With the impetuosity of youth, he was about to spring through an opening in the terrace wall, and descend by

the rocks more rapidly than by the usual road to a little outpost which he had placed at the entrance of the

town, on the side toward the chateau, when a slight noise arrested him. He fancied he heard the light step of a

woman on the gravelled path behind him. He turned his head and saw no one, but his eyes were caught by an

extraordinary light upon the ocean. Suddenly he beheld a sight so alarming that he stood for a moment

motionless with surprise, fancying that his senses were mistaken. The white rays of the moonlight enabled

him to distinguish sails at some distance. He tried to convince himself that this vision was an optical delusion

caused by the caprices of the waves and the moon.
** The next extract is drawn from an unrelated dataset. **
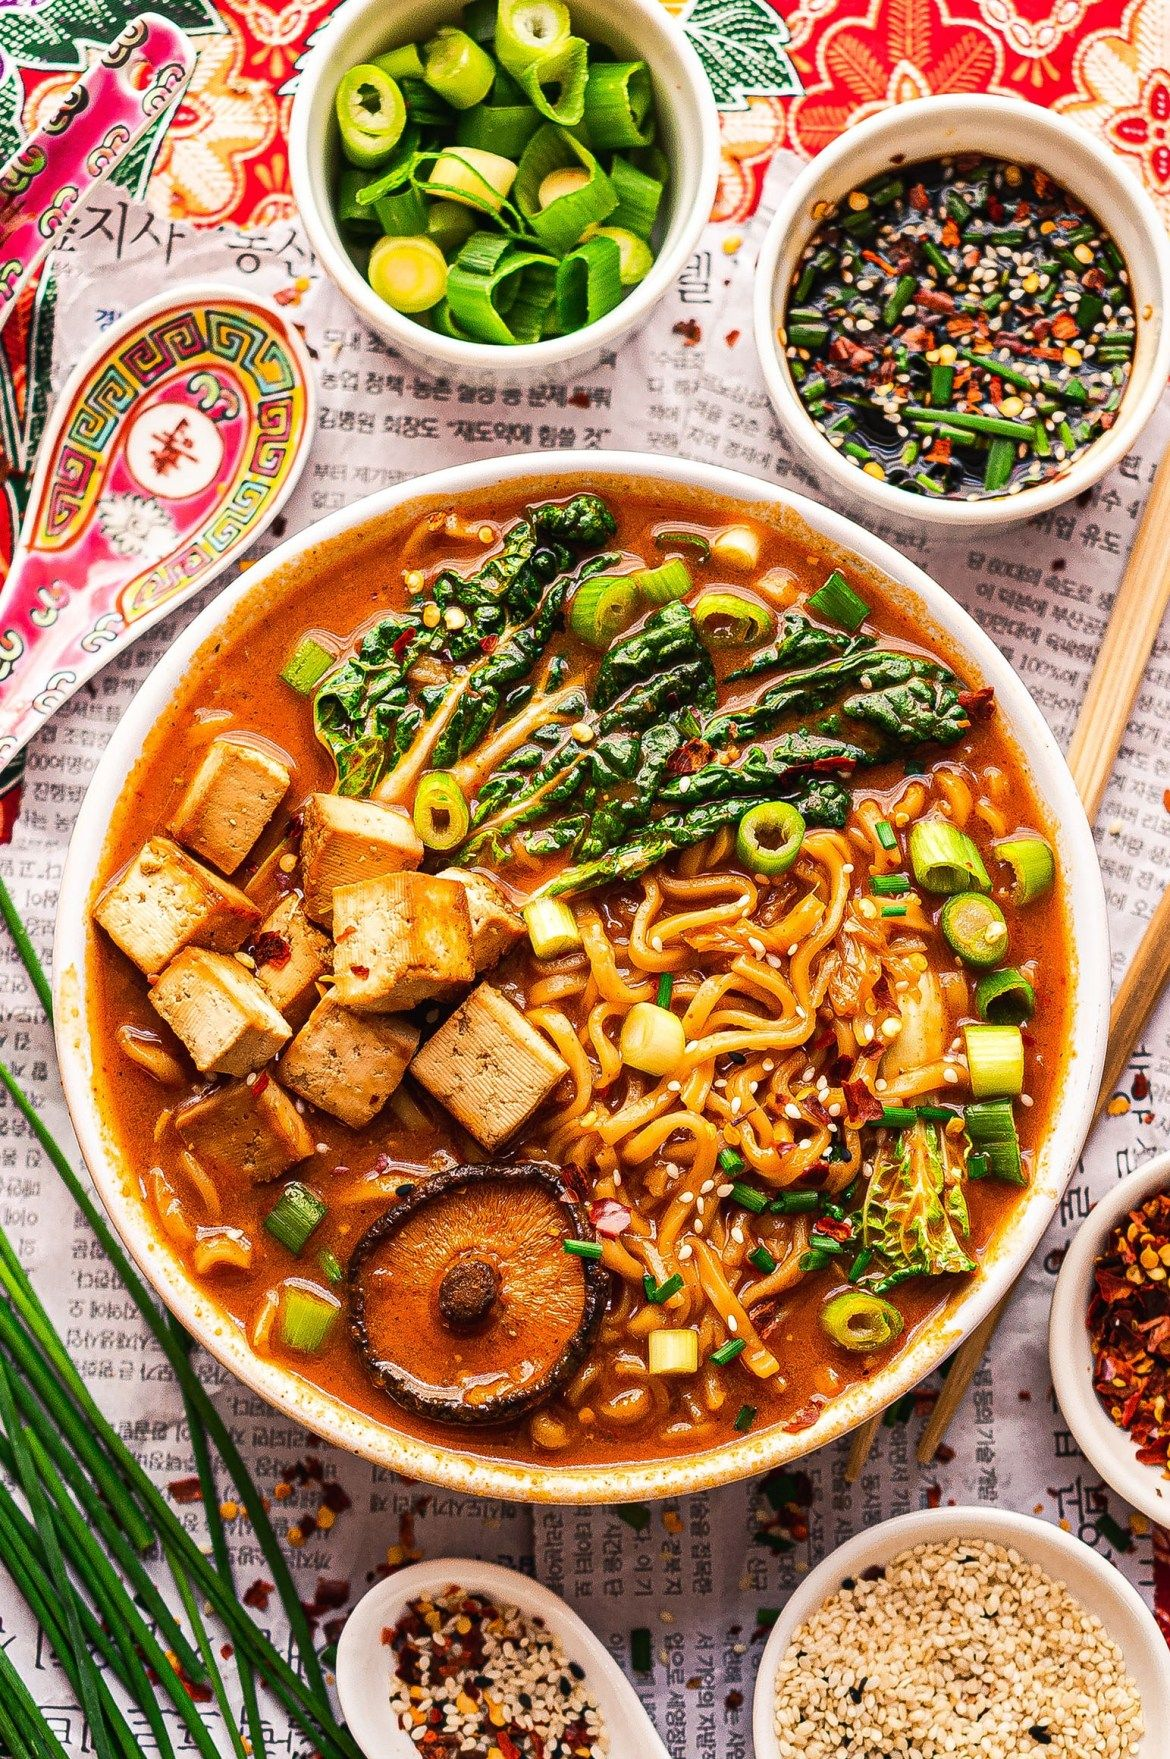 Spicy Kimchi Ramen Justyna Manjari Recipe Vegan Korean Food Vegan Kimchi Vegan Recipes

At that moment, a hoarse voice uttered his name. He

looked toward the opening in the wall, and saw the head of the orderly who had accompanied him to the

chateau rising cautiously through it.

"Is it you, commander?"

"Yes. What is it?" replied the young man, in a low voice, a sort of presentiment warning him to act

mysteriously.

"Those rascals are squirming like worms," said the man; "and I have come, if you please, to tell you my little

observations."

"Speak out."

"I have just followed from the chateau a man with a lantern who is coming this way. A lantern is mightily

suspicious! I don't believe that Christian has any call to go and light the church tapers at this time of night.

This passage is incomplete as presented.